_Exercise data_.
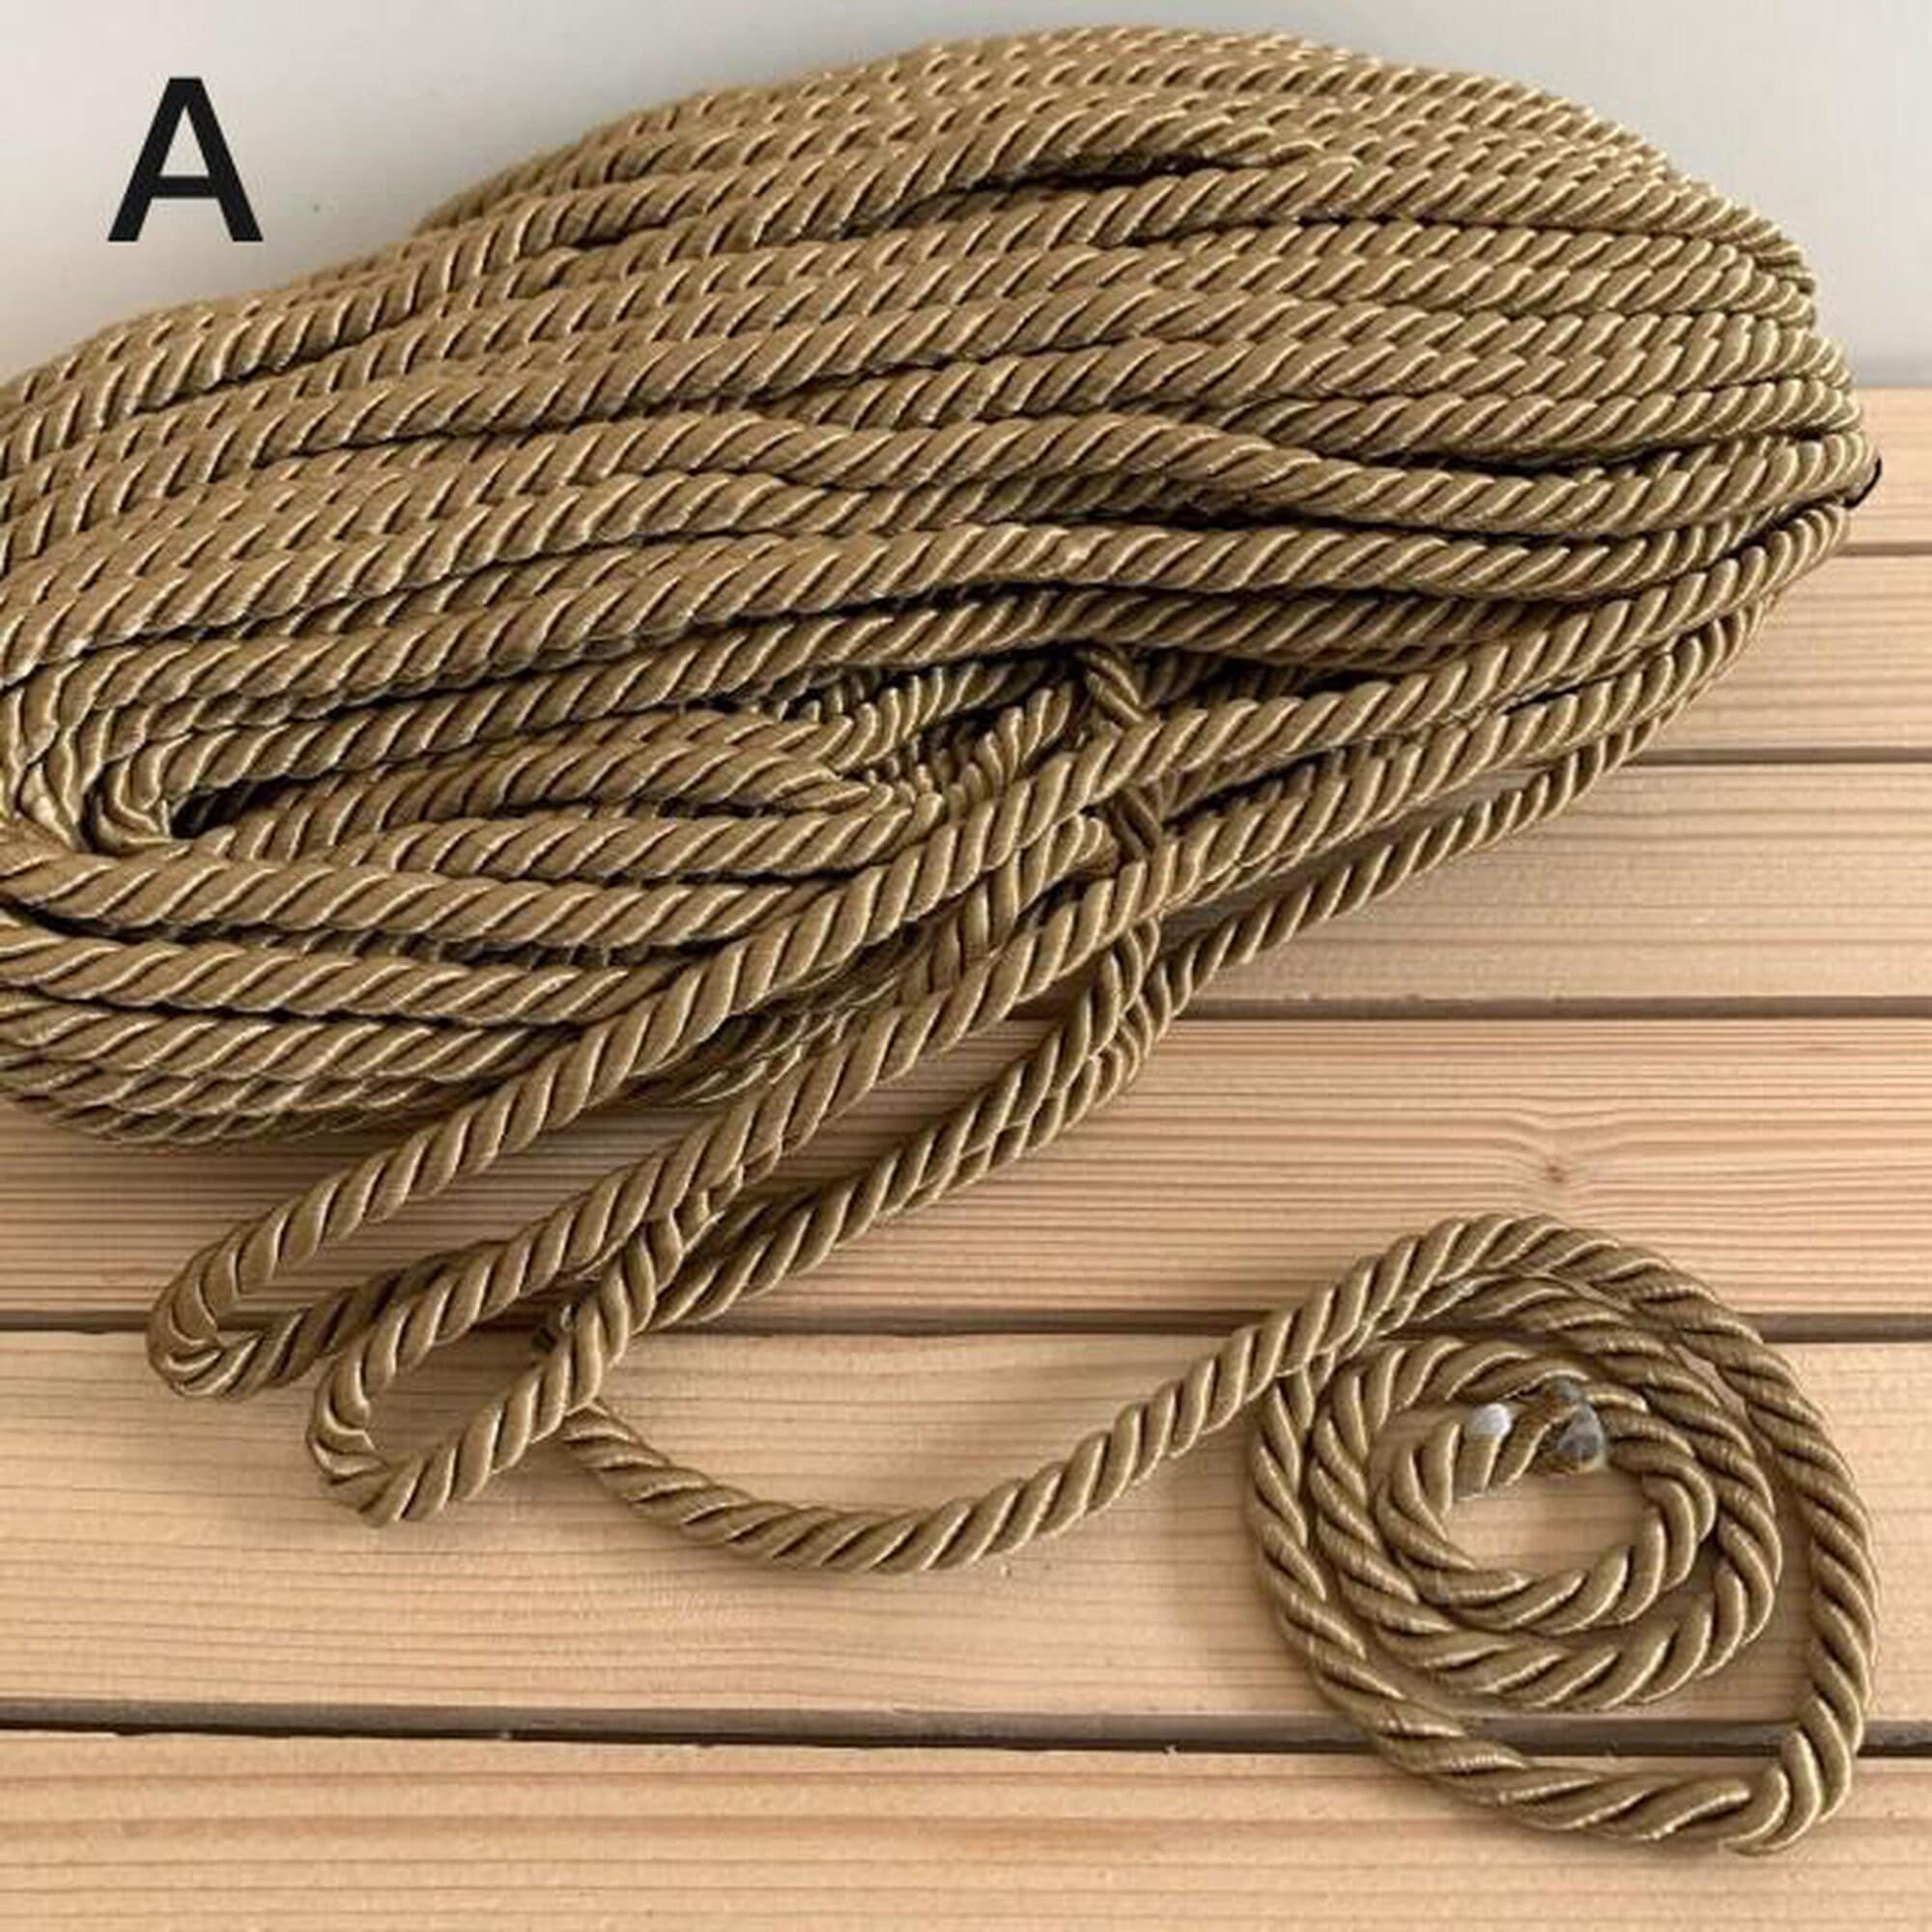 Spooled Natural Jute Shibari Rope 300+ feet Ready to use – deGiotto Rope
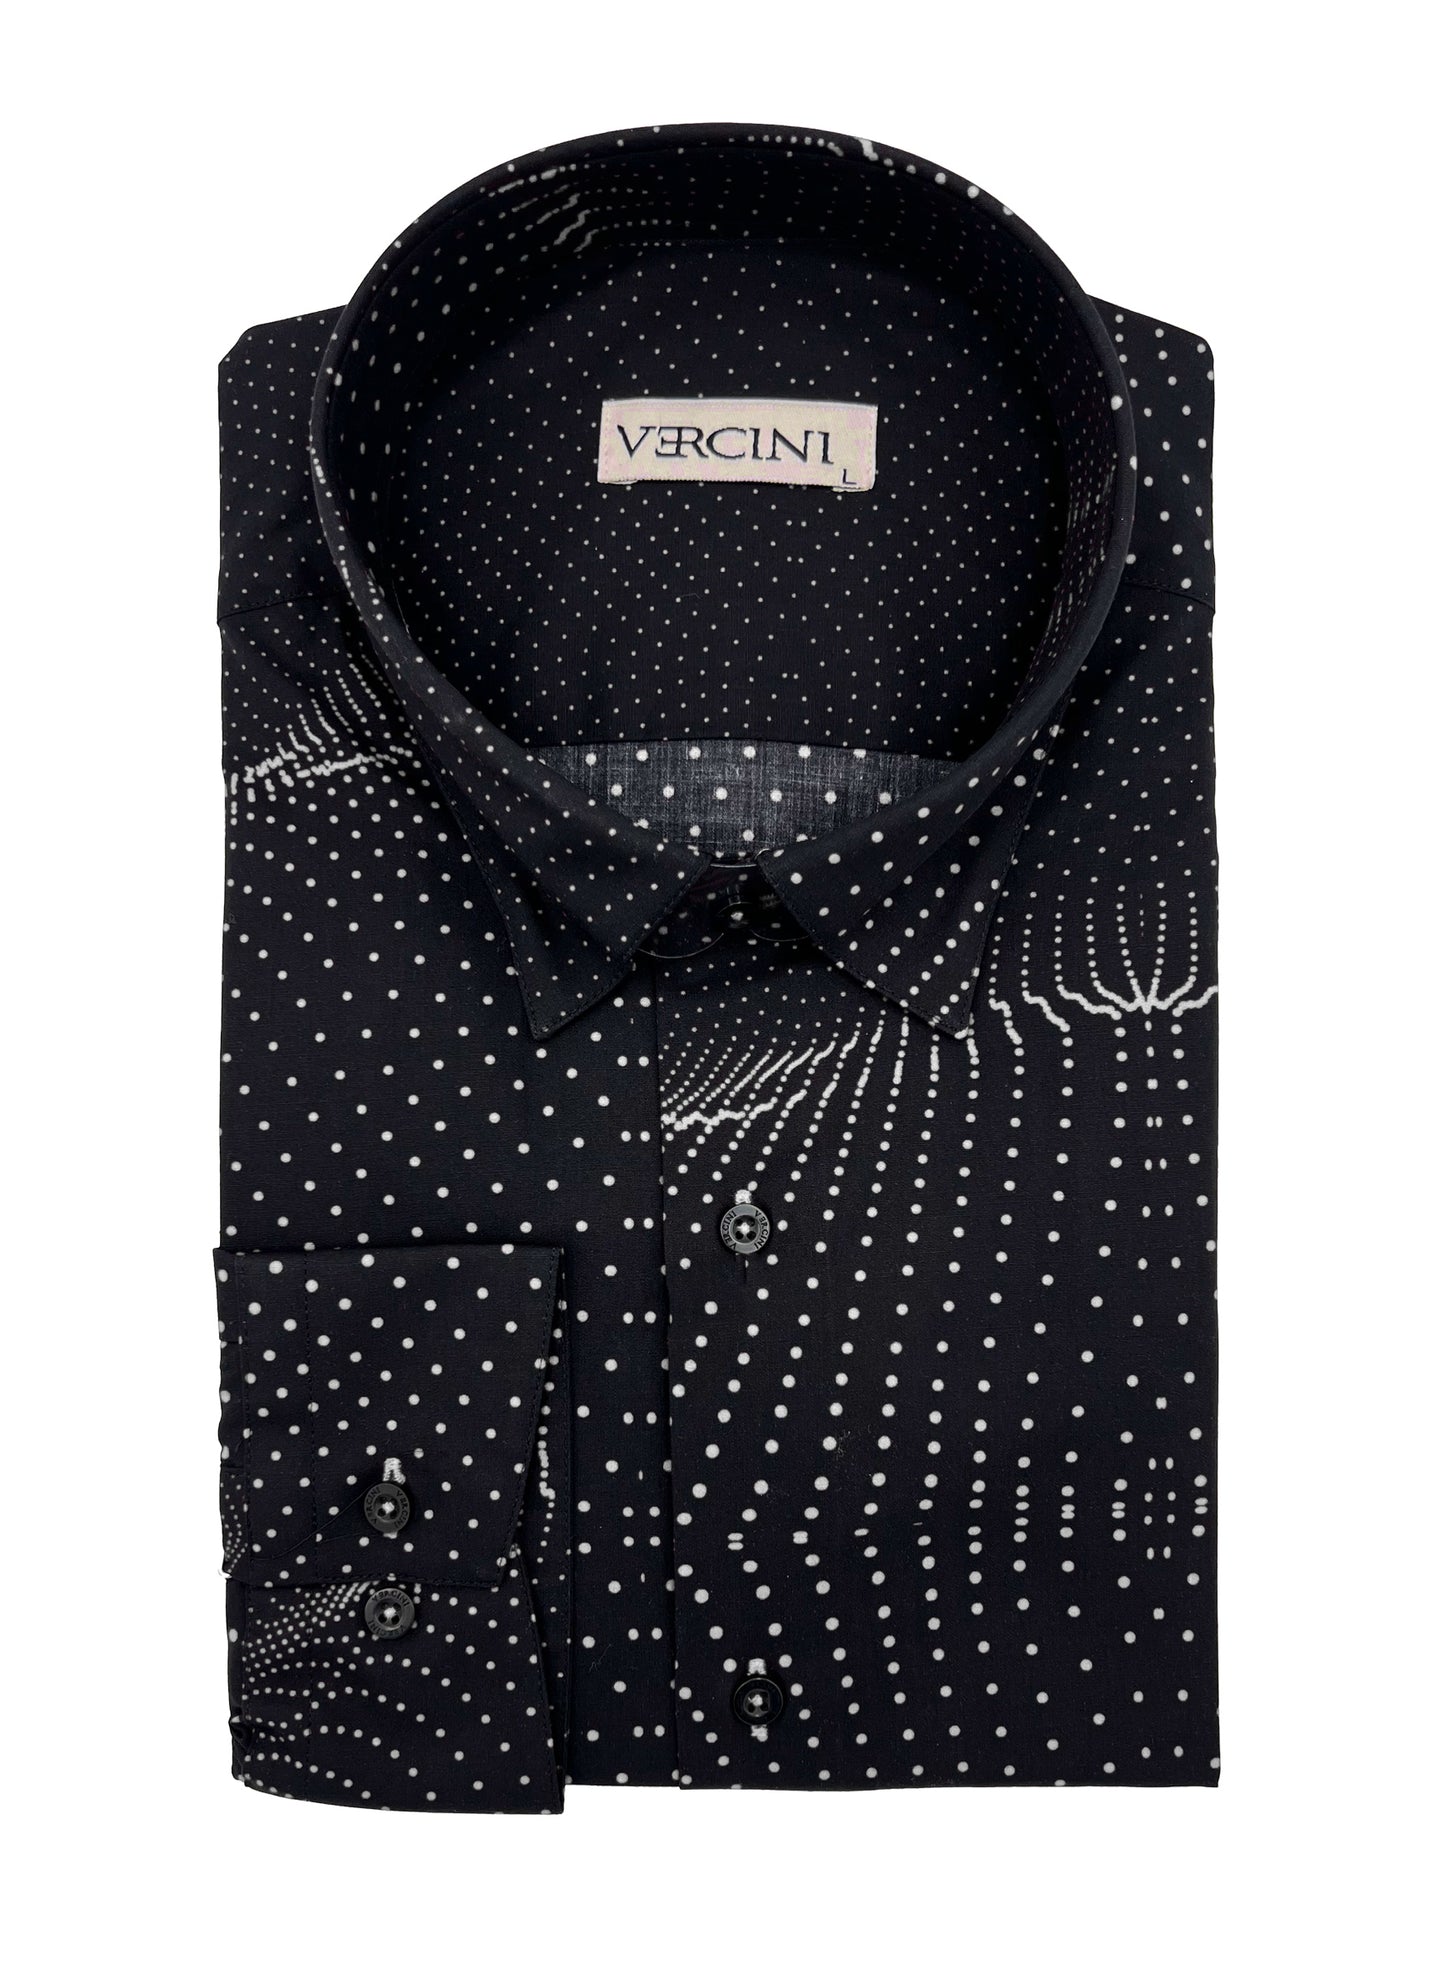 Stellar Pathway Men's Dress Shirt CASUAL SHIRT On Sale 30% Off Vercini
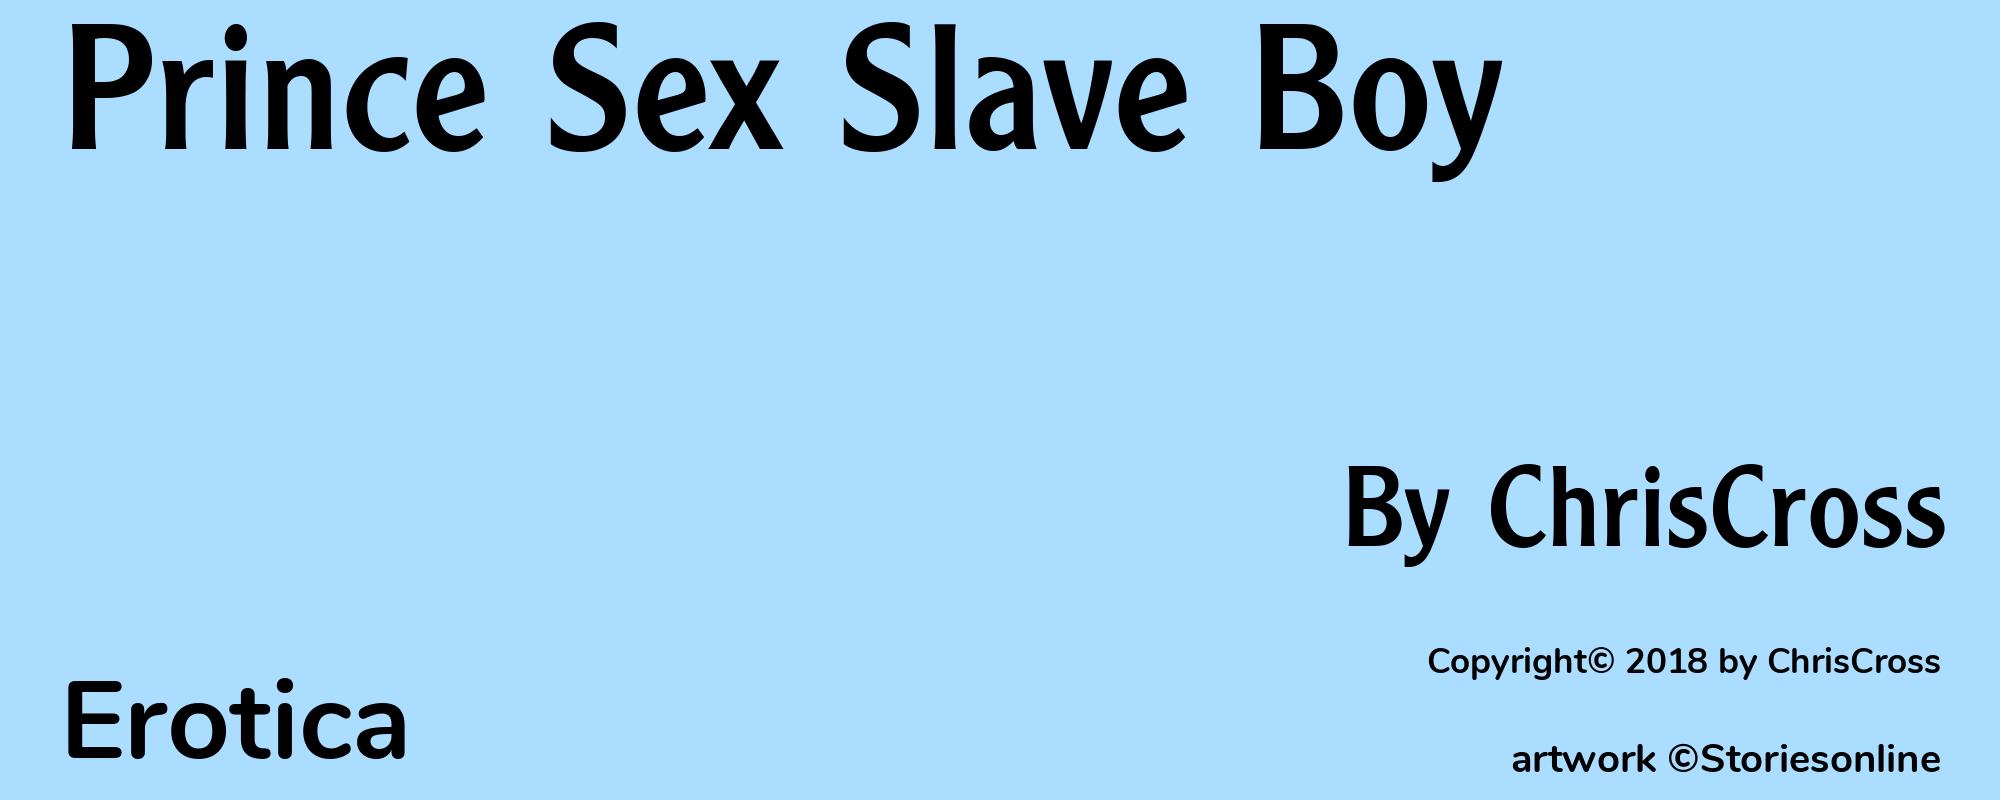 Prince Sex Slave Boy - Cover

_Aim of the exercise_.
Copy out each line of the data exactly as it reads; skip the pictures.

_Expected output_.
 Spooled Natural Jute Shibari Rope 300+ feet Ready to use – deGiotto Rope
 Stellar Pathway Men's Dress Shirt CASUAL SHIRT On Sale 30% Off Vercini
 Prince Sex Slave Boy - Cover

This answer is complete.